Once a year however we take a moment to make sure that everyone who wants to give their input into the direction of the Amazon Web Services has the opportunity to do so. We have developed a Survey that helps us define what is really important to our current and future customers. If you have feedback that you would like to give to the Amazon Web Services team, this Survey would be an excellent place to do so.

That’s true Werner. Being customer centric rather than technologist is our biggest challenge as solutions architects. It’s amazing how working “backwards” simplifies, and speeds up, the development cycle.
Cheers
Luiz
@luizb
Thanks Werner
Now I have an official place to voice why I haven't signed up for CloudFront yet (even though I really, really want to).

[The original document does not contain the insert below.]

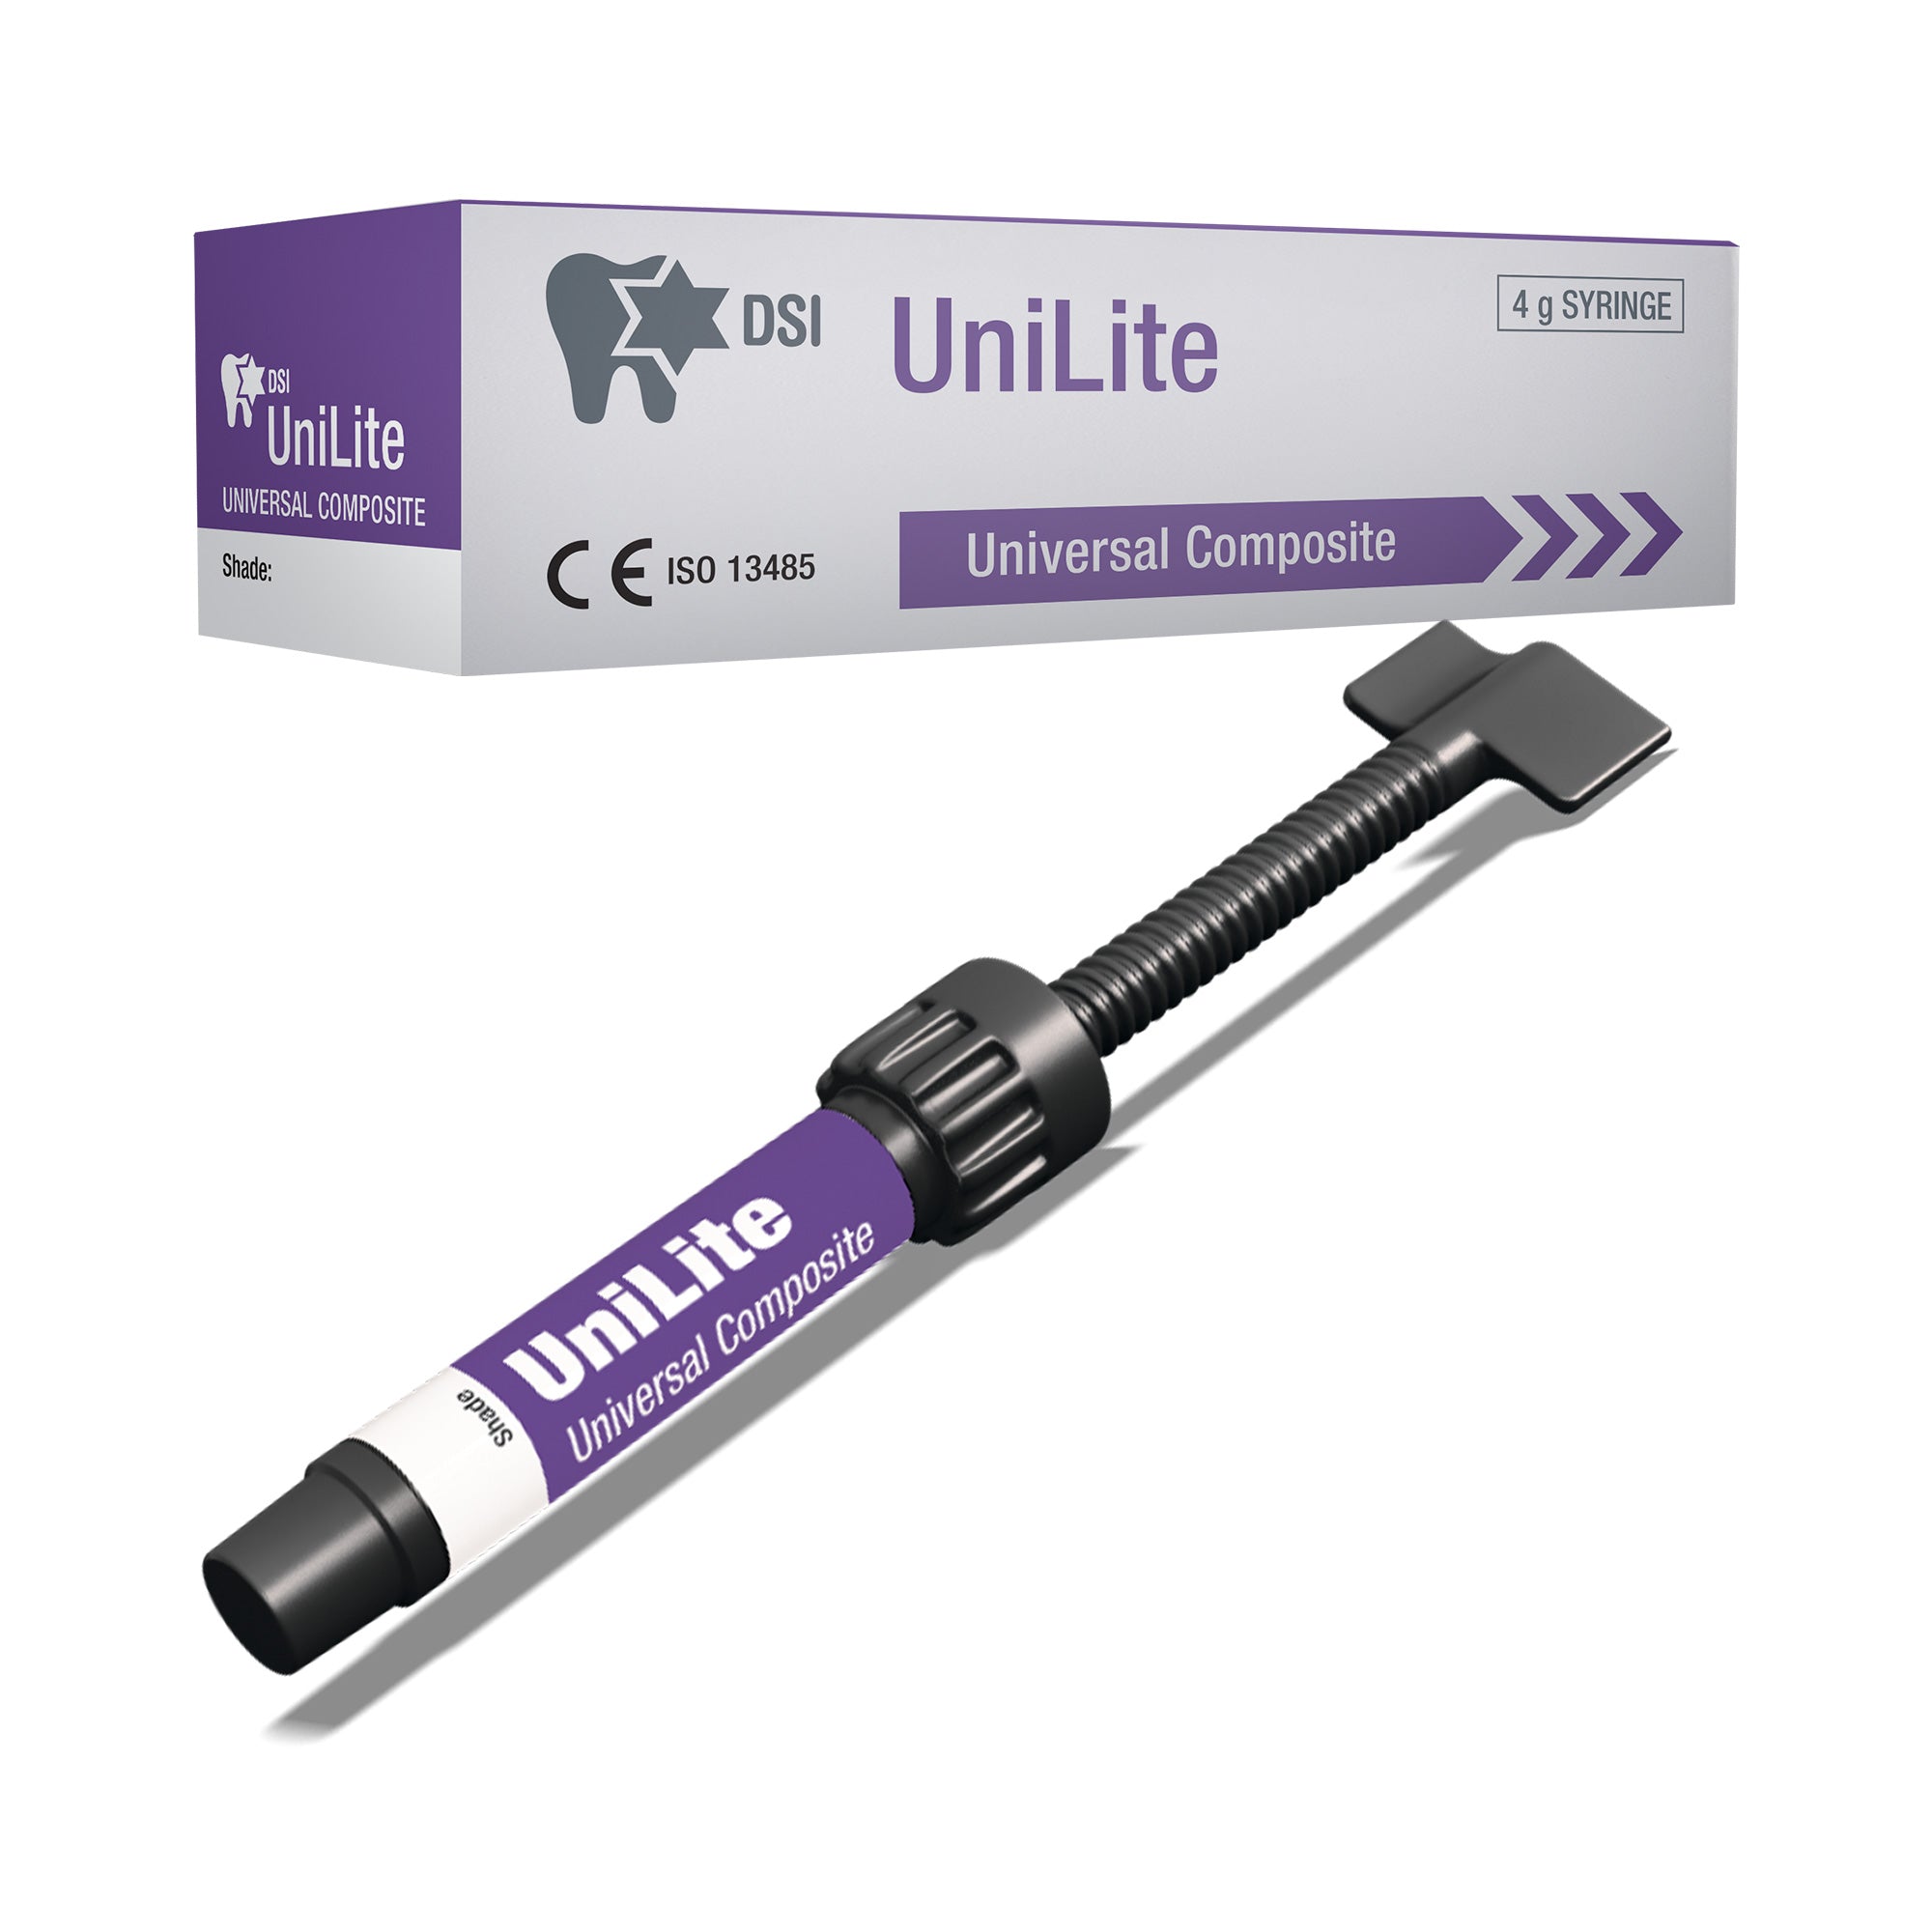 DSI UniLite Micro-Hybrid Composite Restoration Material 4g Syringe

It's because of the current lack of:
1. automatic gzip compression (drastically reduces bandwidth - faster download)
2. last-modified http header (allows web browsers to cache images)
Thanks!
Thanks Tim, forwarded your comment also to the Cloudfront team directly.
Following up Tim’s post, you can set HTTP headers with Cloudberry on S3
http://blog.cloudberrylab.com/2009/06/how-to-set-custom-http-headers-for.html
Thanks,
Luiz
@luizb
Supporting customers (and their customers) by providing the basics that traditional ISPs have provided for a decade plus is EXTREMELY important.
- Being able to use multiple IPs per instance is a HUGE deal especially if you need more than 1 ssl cert on an instance (with a different domain name).
- Sticky sessions with load balancing service - HUGE also and i understand you are working on it. Since the very first time we have used a load balancer (over a decade ago) we always employed sticky sessions.
- Reverse DNS so our websites and clients who are trying to offload infrastructure can have SMTP servers that have some chance of getting reputation and/or decent deliverability.
- EBS volumes that are read AND write for multiple mounts. Not just read only and single write (as in a single master db scenario with multiple readers). This does us no good for multiple web front ends all sharing web data.
- Online imaging / bundling with multiple drive support so we can snap shot an instance in a point of time. We should not have to take a server offline or do a bundle and several snapshots and scripting to somehow label them for a disaster recovery that may or may not happen.
- Windows love. If you don't give windows hosters love soon MS will take them from you with Azure. You know it won't take them much longer and we don't even have windows 2008 support or reserved instances. Some guidance for creating instances preloaded with sql 2008 web is huge as well!
Our clients are paying substantially more than they did with their previous hosting arrangements when the intent was to provide maximum scalability with lower cost. Due to the issues above this has not materialized. We are being pressured to move to other cloud providers who have more windows centric offerings and are frankly cheaper because of it. Help us out! We want to stay with AWS!